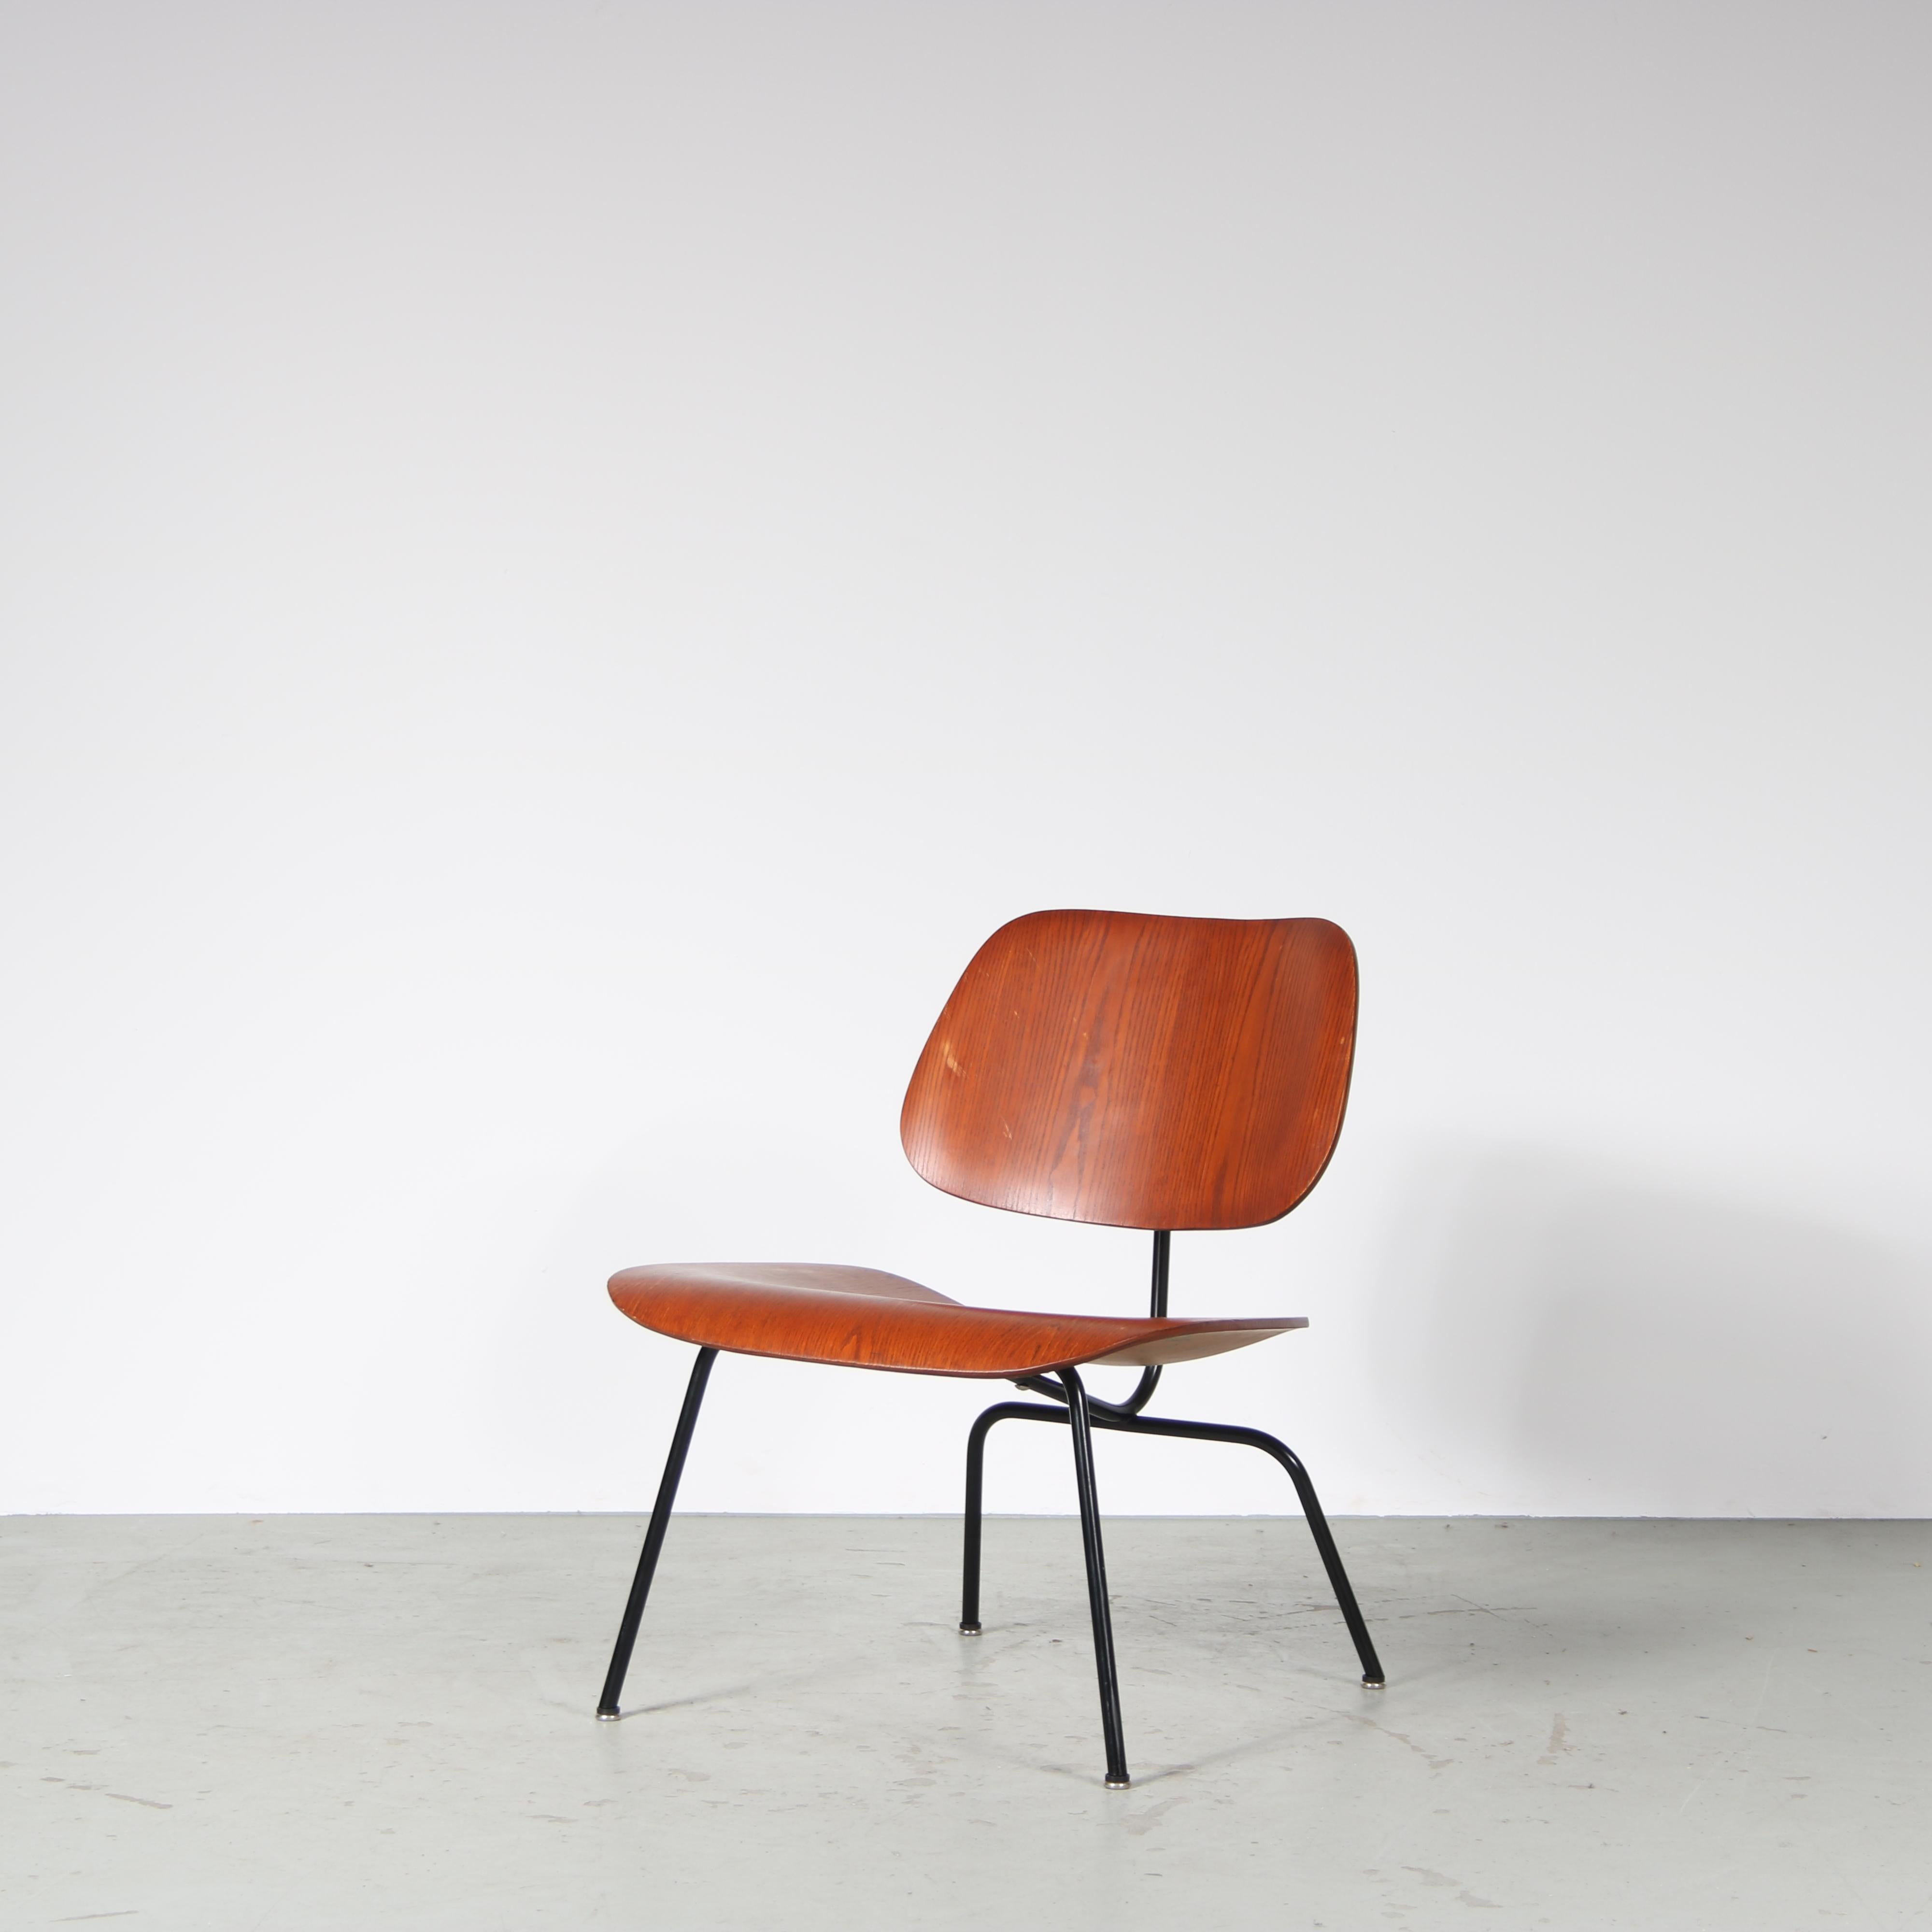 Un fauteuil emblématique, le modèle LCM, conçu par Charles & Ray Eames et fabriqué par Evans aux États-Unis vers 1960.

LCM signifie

...

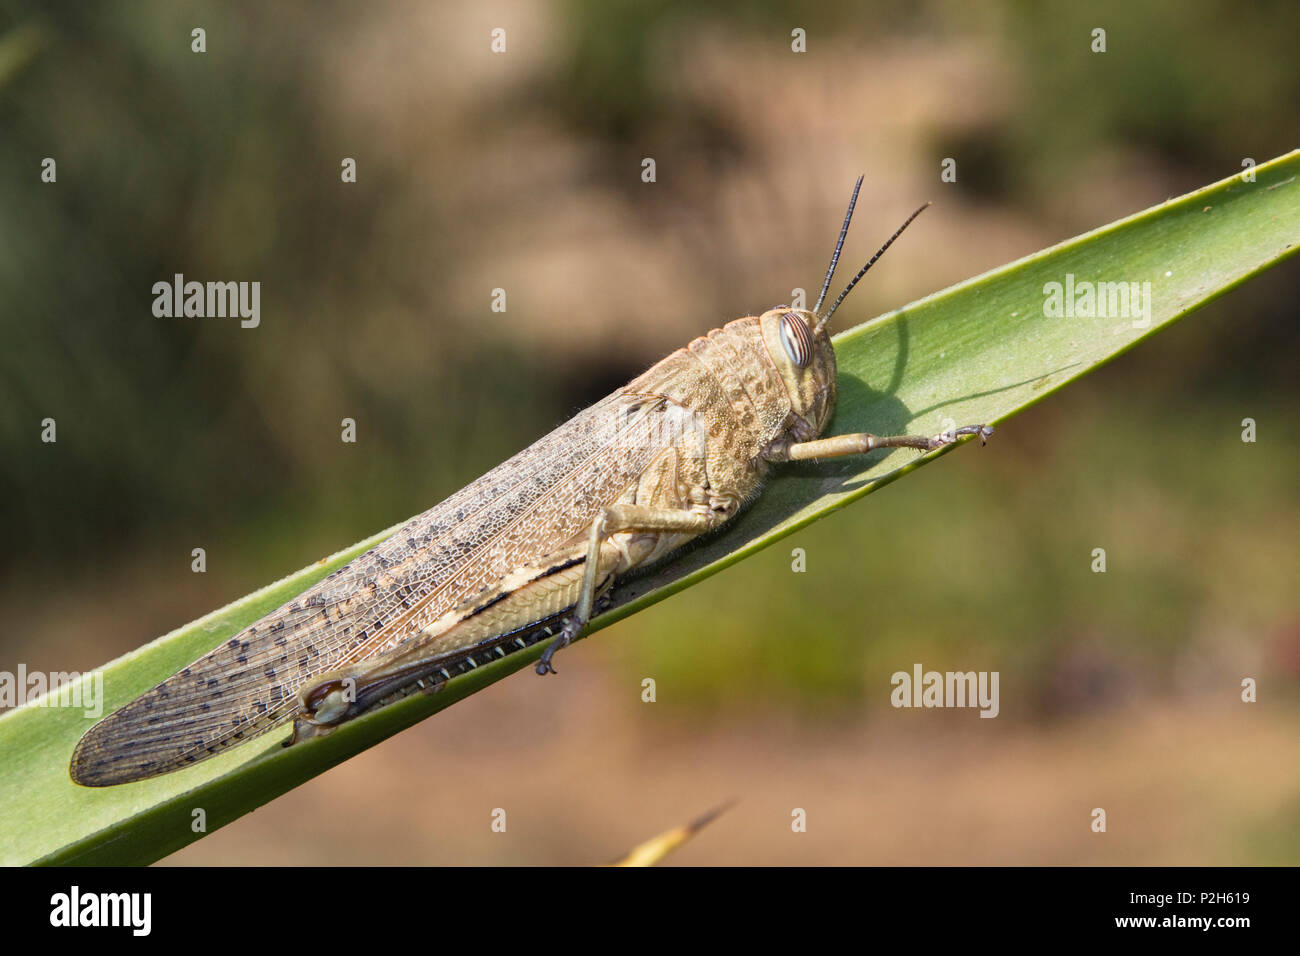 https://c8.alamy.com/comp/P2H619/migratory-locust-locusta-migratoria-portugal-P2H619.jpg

PROBLEM REQUIREMENTS
With pictures omitted, repeat the entries above word for word from the line holding "Un fauteuil emblématique, le" down to the line holding "LCM signifie", keeping both of those lines.

OUTPUT
 Un fauteuil emblématique, le modèle LCM, conçu par Charles & Ray Eames et fabriqué par Evans aux États-Unis vers 1960.

LCM signifie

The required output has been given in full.